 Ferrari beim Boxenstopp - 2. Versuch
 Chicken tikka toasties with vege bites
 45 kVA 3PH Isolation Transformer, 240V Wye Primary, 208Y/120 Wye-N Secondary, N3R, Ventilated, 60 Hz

WHAT TO PRODUCE:
From the first line to the last, please quote the material above exactly.

RESPONSE:
 Ferrari beim Boxenstopp - 2. Versuch
 Chicken tikka toasties with vege bites
 45 kVA 3PH Isolation Transformer, 240V Wye Primary, 208Y/120 Wye-N Secondary, N3R, Ventilated, 60 Hz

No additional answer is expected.